Using 3D-REMAP, we have made several innovative discoveries. First, we discover that levosimendan, a drug for heart failure, is a novel inhibitor of serine/threonine-protein kinase RIOK1 and a number of other kinases. Second, we uncover that RIOK1 and its associated RNA processing pathway is an effective novel target for multiple types of cancers, especially, lymphoma. Different from existing targeted kinases that harbor the activated mutation, the aberration of RIOK1 is mainly associated with its overexpression. Thus, targeting RIOK1 may provide new opportunities in the cancer treatment. Third, we suggest that levosimendan can be a novel lead compound for developing a more safe and effective anti-cancer therapy to overcome the cardiotoxicity and the drug resistance of existing kinase-targeting drugs, either as a single polypharmacological agent or a component in a drug combination. Our findings may have significant implications in anti-cancer drug discovery and demonstrate the potential of the genome-wide multi-target screening in precision drug discovery.

Results

Rational polypharmacology strategy for discovering dual-indication cross-gene family multi-target agents

The rationale of our multi-target drug screening strategy is that the serious side effect caused by therapeutic target(s) (i.e. on-target effect) or anti-target(s) (i.e. off-target effect) of a drug can be mitigated by its or another drug’s interaction with an off-target, which is against the side effect, as shown in Fig 1A. The drug-off-target interaction can come from a single polypharmacological agent or multiple components in a drug combination. In this study, we focus on searching for marketed drugs that may act as a dual-indication agent that can mitigate the cardiotoxicity of anti-cancer therapy, at the same time, present anti-cancer potency. Contemporary anti-cancer therapeutics, such as tyrosine kinase inhibitors, anthracycline chemotherapy, and immunotherapy, are all associated with the cardiotoxicity [20].

Fig 1

3D-REMAP concept figure.

(A) A one-drug-multi-target-multi-indication strategy to screen drugs that can both enhance therapeutic effect and mitigate side effect. (B) Schema of 3D-REMAP, a multi-target screening platform that integrates structural genomics and chemical genomics data and combines tools from bioinformatics, chemoinformatics, protein-ligand docking, and machine learning. R and Q denote observed protein-chemical interactions in chemical genomics databases, and predicted protein-chemical interactions from ligand binding site similarity coupled with protein-ligand docking, respectively. These two matrices are the input for the machine learning algorithm weighted imputed neighborhood-regularized One-Class Collaborative Filtering (winOCCF) to predict genome-wide drug-target interactions. See Method section for details. DTI: drug-target interaction.

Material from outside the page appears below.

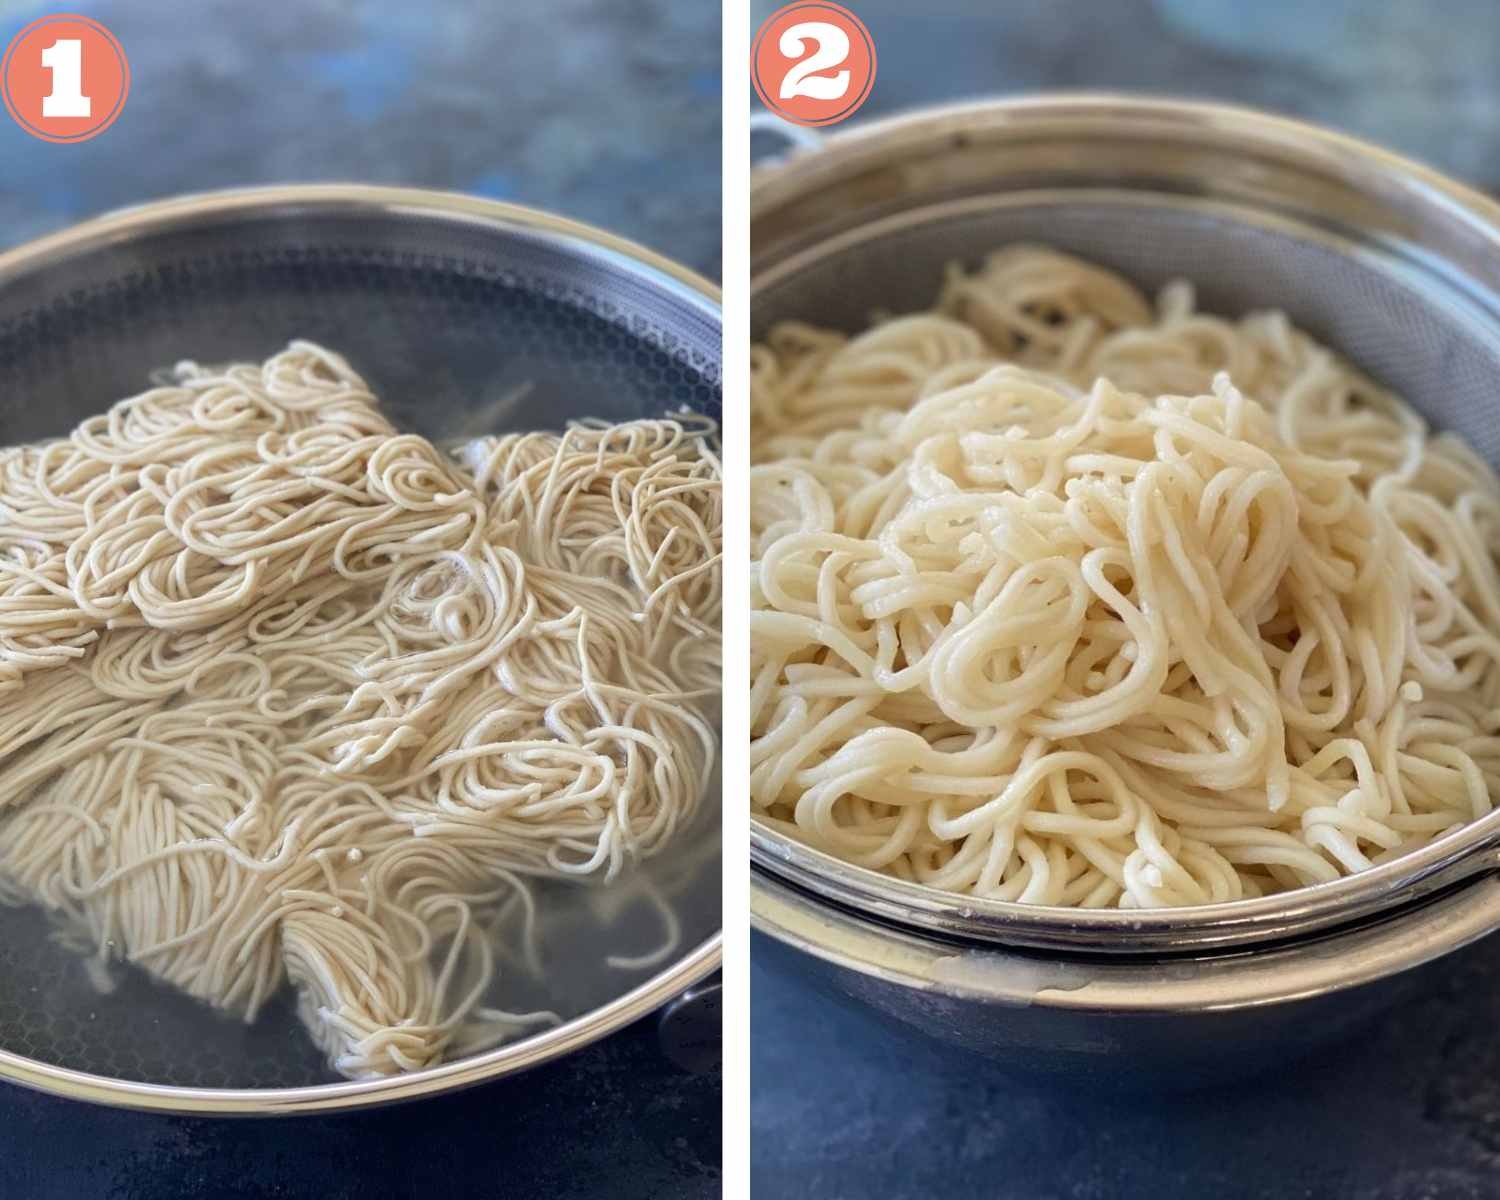 Cook the noodles as per packet instructions and drain well.

Hypothesis generation using 3D-REMAP, a genome-scale multi-target screening platform

The rational discovery of the dual-indication therapeutic agent was achieved using a novel genome-scale multi-target screening platform, 3D-REMAP, as illustrated in Fig 1B. 3D-REMAP framework applied here integrates diverse data from structural genomics and chemical genomics, as well as synthesized tools from bioinformatics, chemoinformatics, biophysics, and machine learning. Since each data set alone is biased, incomplete, and noisy, and a single computational or experimental tool has its inherited advantages and limitations, the integrative analysis may provide more comprehensive and reliable results. 3D-REMAP takes four networks as input: a protein-chemical interaction (PCI) network, which is represented by the matrix R. In this study, the matrix R contains 650,581 positively associated chemical-protein pairs for 1,656,274 unique chemicals and 9,685 unique target proteins. In addition to R, two other input networks are a chemical-chemical similarity network and a protein-protein similarity network (not shown in Fig 1B). The details in the construction of PCI, chemical-chemical similarity, and protein-protein similarity networks are presented in the Materials and Methods section.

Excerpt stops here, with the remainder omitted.